A REPEATED CALL FOR OMNIBUS FEDERAL CYBERSECURITY LAW.

AuthorLi, Carol

INTRODUCTION

In 2013, Target reported that the credit card and personally identifiable information of "as many as 110 million customers" had been compromised. (1) In 2014, Yahoo! announced that a "state-sponsored actor" had gained access to personal information of 500 million users that year, and "all 3 billion user accounts had been compromised" in a data breach that occurred in 2013. (2) Nine months into 2014, nearly 2000 cybersecurity incidents were confirmed, "compromis[ing] almost [one] [b]illion records worldwide." (3) In 2017, Equifax reported a data breach that exposed nearly 150 million consumers. (4) Between January 2017 and August 2018, "[a]t least 16 separate security breaches occurred at retailers," including Macy's, Sears, Delta Air Lines, Best Buy, Panera, and Whole Foods. (5) Even after its Cambridge Analytica scandal, Facebook reported in 2018 that "at least 50 million users' data were confirmed at risk after attackers exploited a vulnerability that allowed them access to personal data." (6) Worse yet, it was found that "[t]he vulnerability was introduced on the site in July 2017, but Facebook didn't know about it until" mid-September 2018. (7)

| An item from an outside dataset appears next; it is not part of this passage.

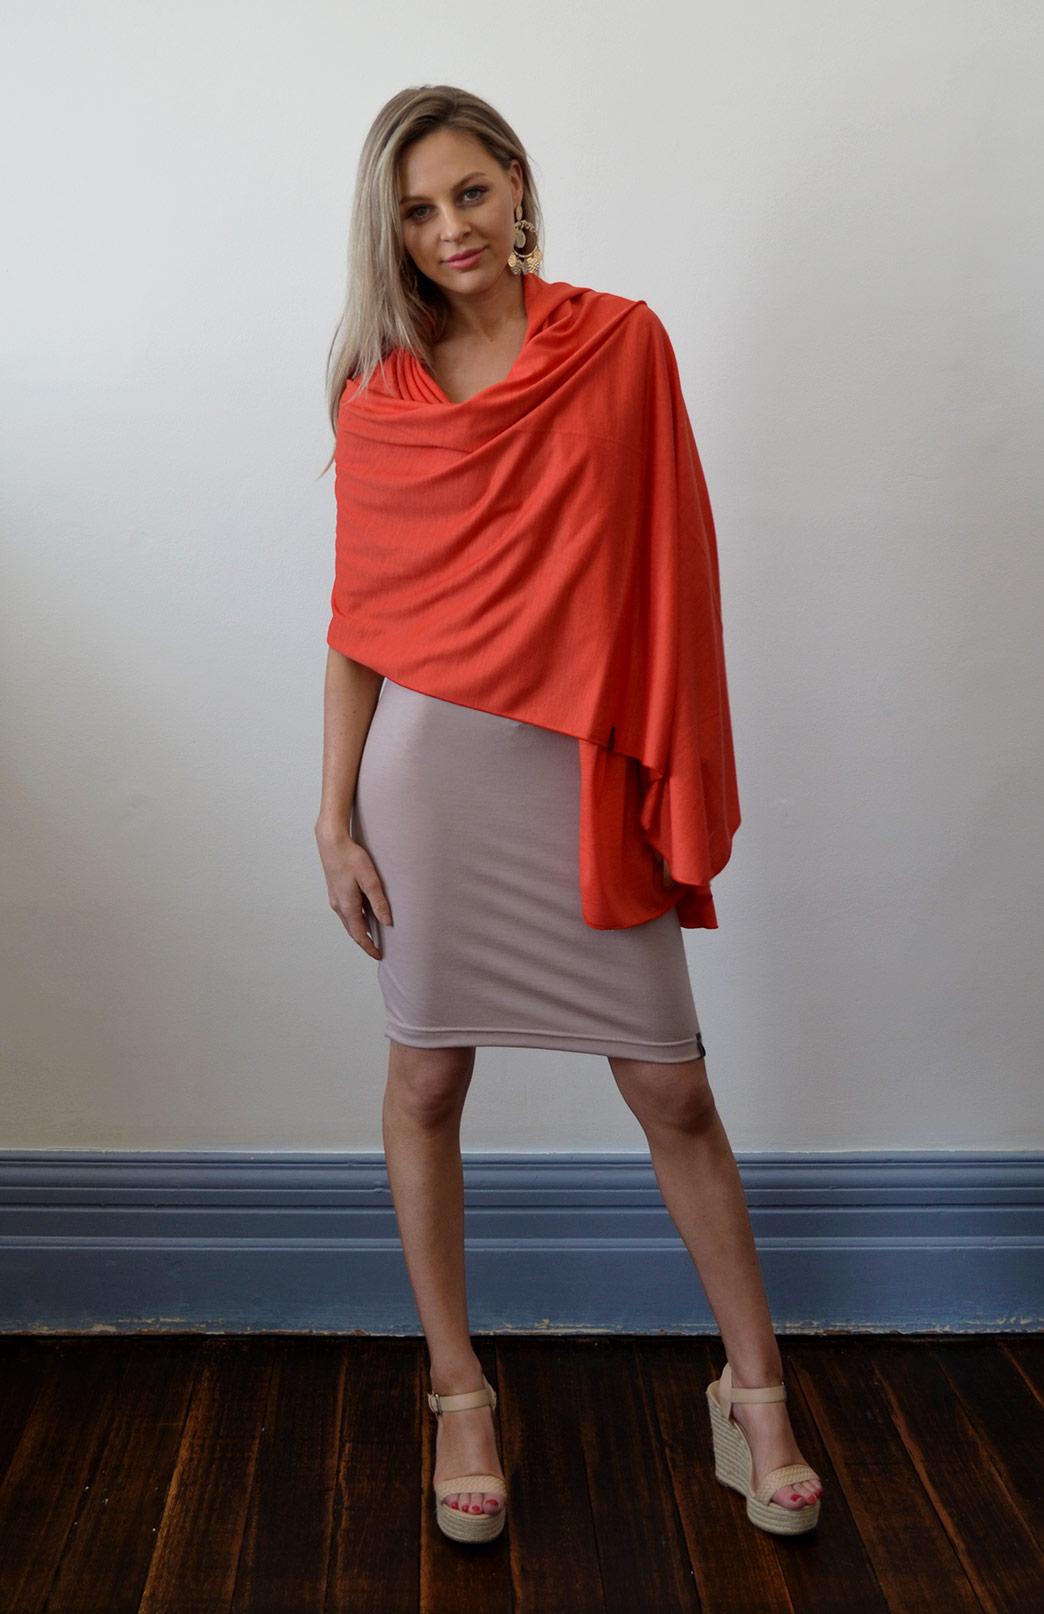 Scarves - Lightweight - Women's Superfine Merino Wool & Modal Blend Classic Wide Scarf - Smitten Merino Tasmania Australia

One need not be a cybersecurity expert to recognize that cyber risk is escalating: companies that many of us regularly use, trust, and rely on are falling to data hacks left and right. The number of "[r]ecent highly publicized data breaches have underscored the growing reality that attacks on private corporations constitute a national security issue." (8) According to industry experts: "today it is a matter of when, not if, a company's data will be breached." (9) The Ponemon Institute reported in 2018 that "[t]he risk of cyber extortion and data breaches will increase in frequency," but that "[d]espite the growing cyber threat, cybersecurity is not considered a strategic priority." (10) In 2018, the average expenditures required to address a data breach continued to increase, with the average total expenditure increasing to $3.86 million and the average cost for each lost or stolen record increasing to $ 148. (11) Living "in a world where every action we take can be observed, recorded, analyzed, and storedf,]... consumers want better consumer protections over personal data." (12)

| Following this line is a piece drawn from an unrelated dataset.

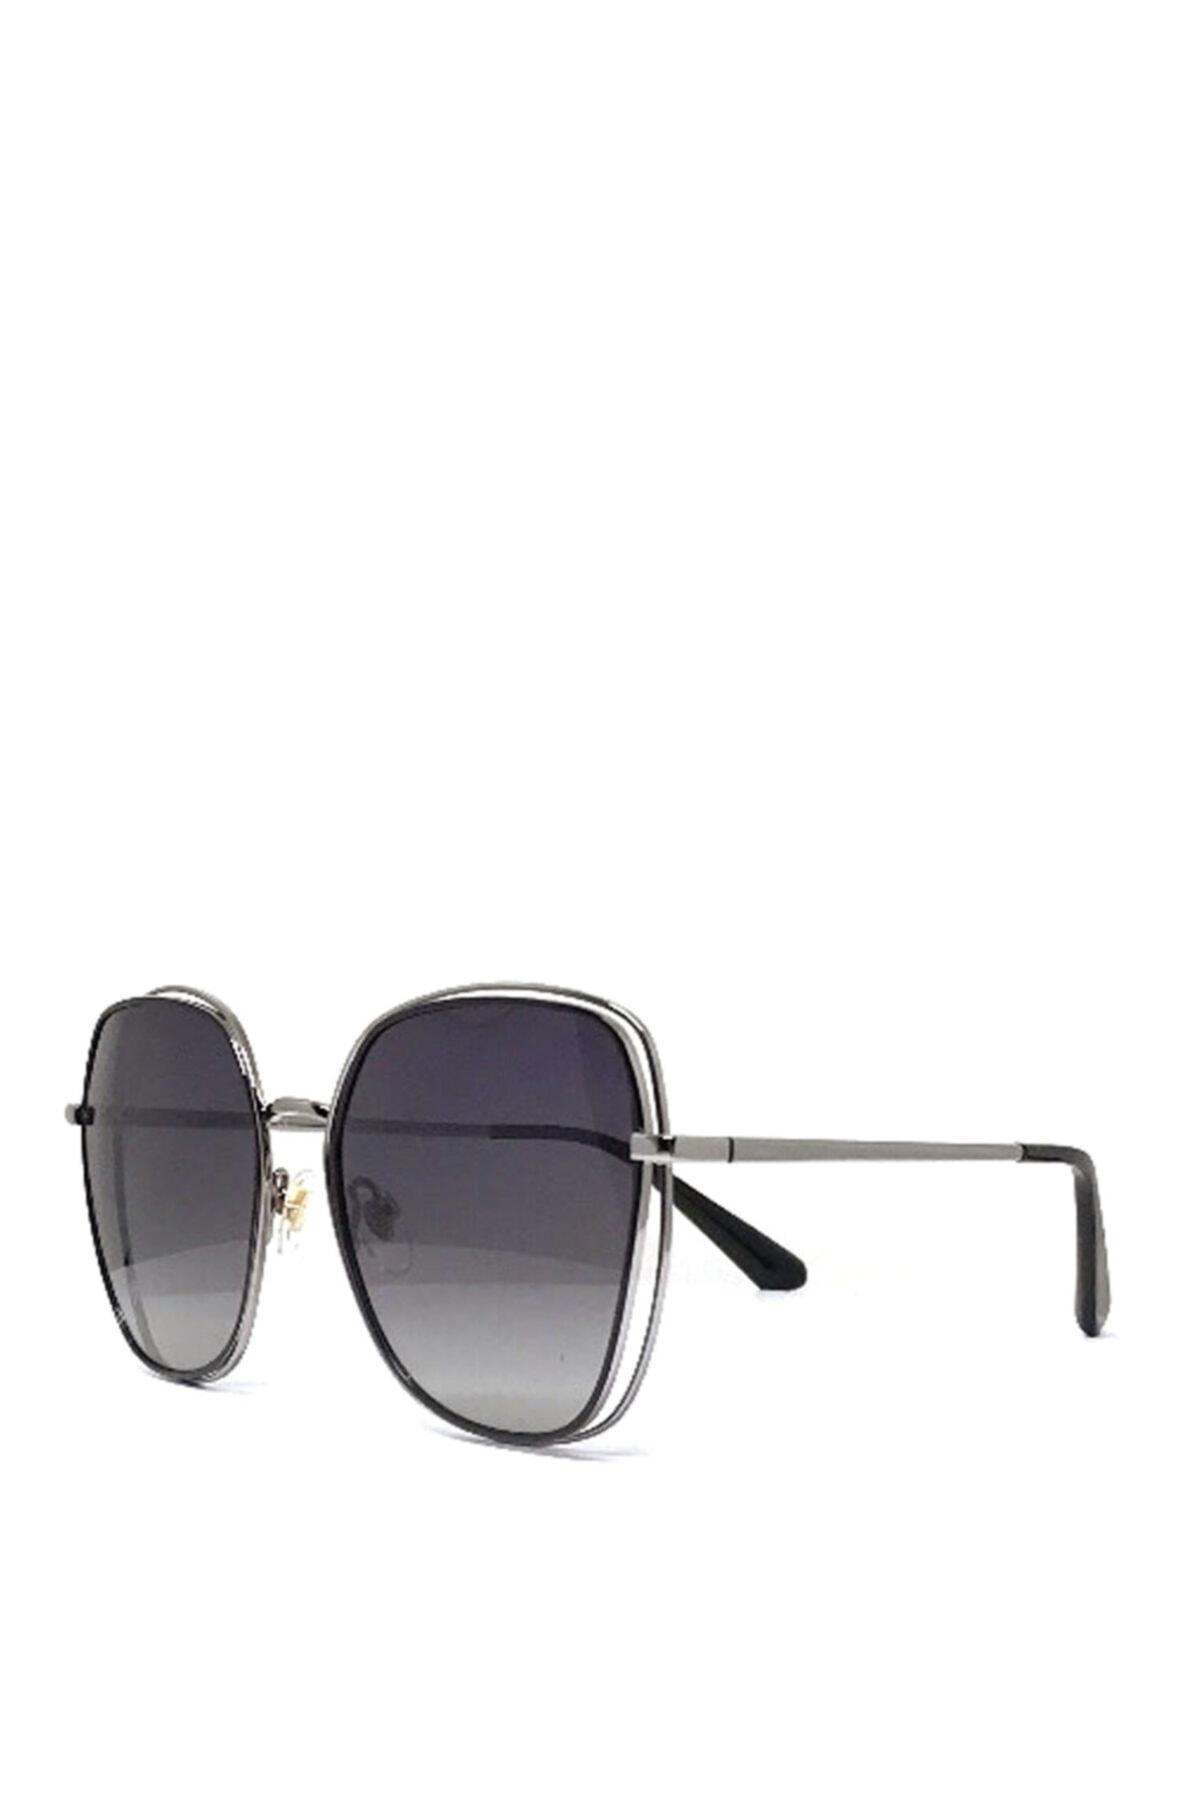 عینک آفتابی زنانه سال ۹۹ برند HAWK رنگ نقره کد ty55820821

In Part I, this Note discusses the concerning regularity of high-profile data breaches that have occurred within the United States' weak and patchwork landscape of cybersecurity law. Part II discusses the challenges companies face when attempting to comply with the current cybersecurity law, and why companies who are deemed compliant are still falling victim to hackers and data breaches. Part III makes a call for federal legislation to replace the current, inadequate, fragmented, and uneven landscape of cybersecurity law. Part IV discusses numerous factors and incentives to consider in creating an omnibus federal cybersecurity law. Finally, Part V offers some critiques to creating an omnibus law.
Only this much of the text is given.